Shibata is no mainstream star (don’t remember anybody saying that funnily enough) but he’s definitely under the radar of the wrestling die hards and that’s obviously AEWs bread n butter. A profile or video package would be nice - I’m not fully aware of his accomplishments myself but I do recall him being fucking vicious in the ring. Like ‘it’s supposed to be fake but fuck that’ vicious. 

Him getting involved with OC is the major debacle though.


----------



## CM Buck (Sep 2, 2012)

Pretty atrocious show.

I loved the first Darby allin Jay Lethal match cause it was straight up wrestling. They were telegraphing the fuck out of a fuck finish for round 2 and of course I got spoiled by here. Also Cole carter is garbage. I miss the days of being excited for Jay Lethal.

Moxley vs Moriarty was just fine if not utterly predictable. Atleast Mox didn't give him blood 

The birthday bash was WWE style comedy setting up my least favourite WWE trope match.

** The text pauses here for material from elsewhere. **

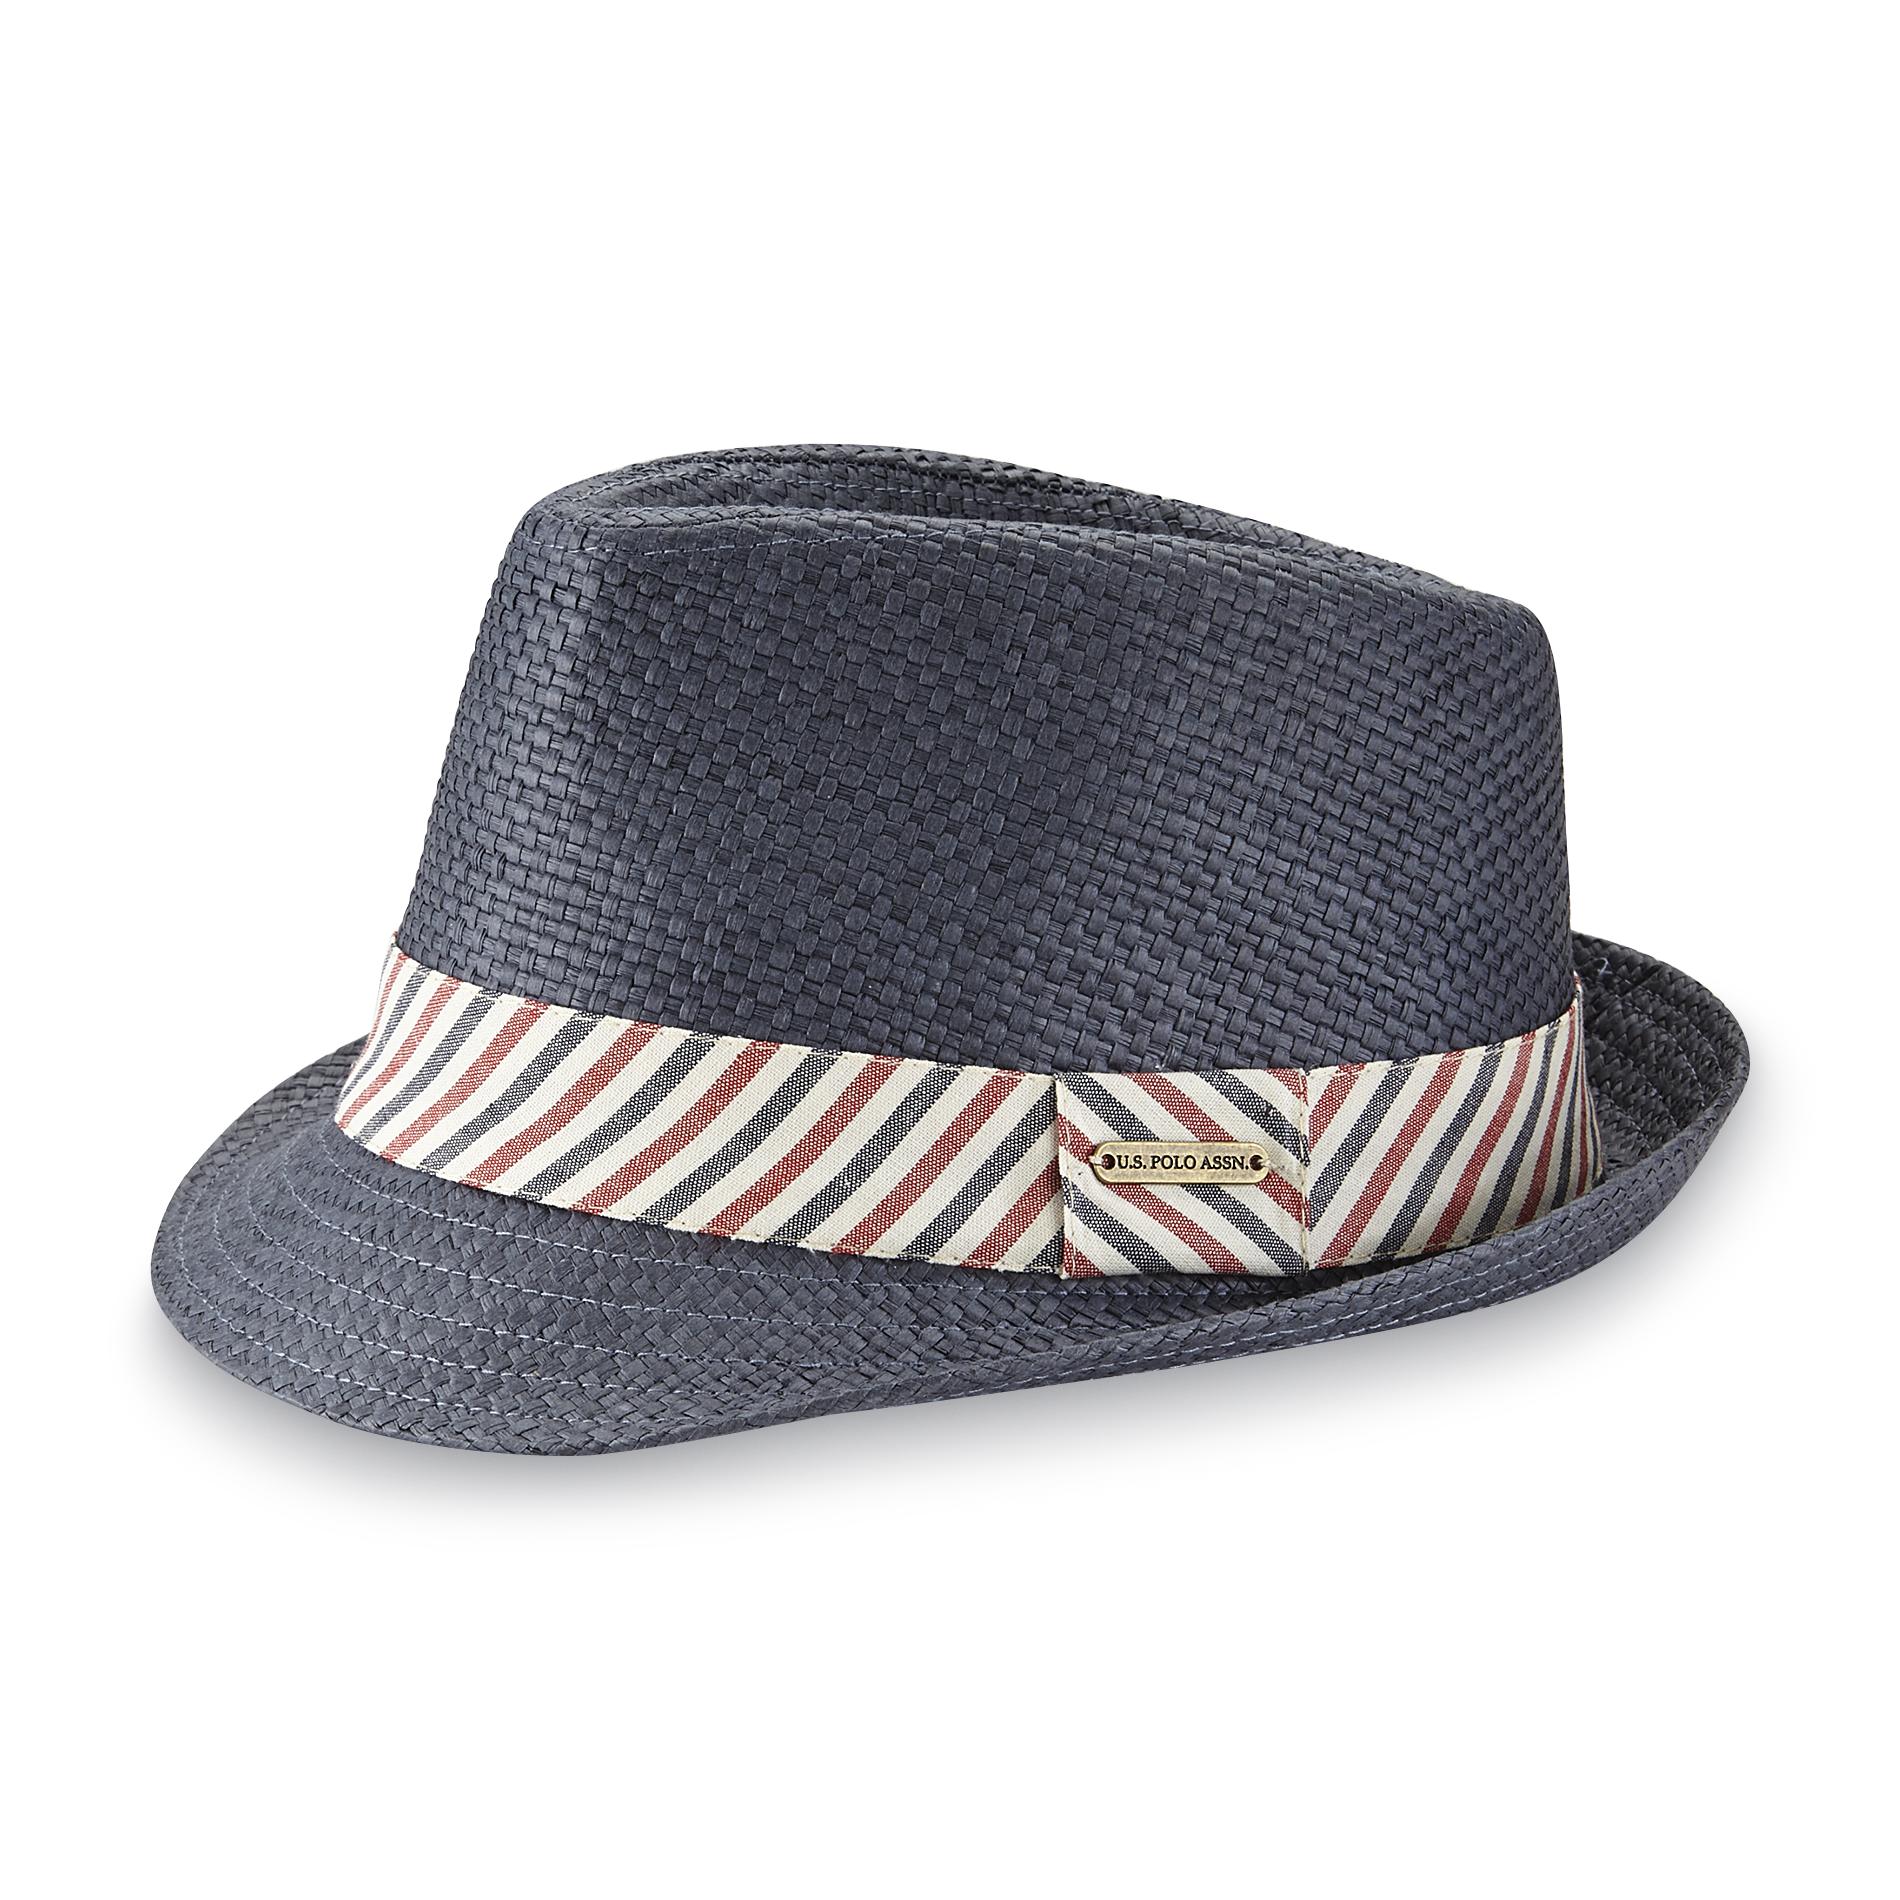 U.S. Polo Assn. Men's Straw Fedora Hat - Striped Band

Jericho vs colt was again utterly predictable if not amusing for the wrong reasons. 

The triple threat was again say it with me predictable. Bandido is the Latino singles star that should be pushed. Not Fenix and luchasaurus absolutely isn't a singles champion.

I loved shibata appearing until I realised the black cloud overhead.

And Joe vs cage again predictable. Hobbs Wardlow should rule at FG. 

5 out of 10


----------



## IronMan8 (Dec 25, 2015)

I enjoyed most of the show, but it felt like very little effort went into writing it. I didn't notice anything from the Elite, did I miss something short?

Last week they ended the show with an MJF face turn and now... he... he wasn't on the show, right? Or did I miss him? I don't remember them even referring to what happened last week, and that's what I assumed the Moriarty match was booked for...? I don't get it.

And Jeff Jarrett debuts to cut a cringey 'pull back the curtain' promo from 2003 to make it feel like TNA (and minor league). It was a disappointing moment for me as an AEW fan who wants to see AEW feel like it's important, and not minor league. Mike Tyson was casually mentioned on commentary twice before the proper announcement - stuff like that is straight up sloppy. There's no reason to pay for Mike Tyson and then sell him to increase Rampage viewers in the way they did.

Tonight had a few bizarre moments that felt brand-limiting. Even on their YouTube preview last night, I noticed Moriarty's promo said something like "I'm the best technical wrestler, not just in AEW, but in the world" which frames AEW as minor league. Why would you do that? If you're the best wrestler in AEW, you're de facto the best in the world, because AEW is an elite league of wrestling that formed due to the other league turning into a farce. It just feels like they need more thought and attention going into the show in some places... but the matches were excellent.


----------



## DammitChrist (Apr 3, 2016)

Here are some highlights from Katsuyori Shibata (in his final match as a full-timer against Kazuchika Okada on April 2017 before the severe injury):


__ https://twitter.com/i/web/status/1558212864955088898

__ https://twitter.com/i/web/status/978207095559368704
I missed out on most of NJPW's golden years (before the pandemic).

Katsuyori Shibata faced Zack Sabre Jr. last year in a 5-minute round on the G1 finals event, and he faced Ren Narita earlier this year at Wrestle Kingdom 16.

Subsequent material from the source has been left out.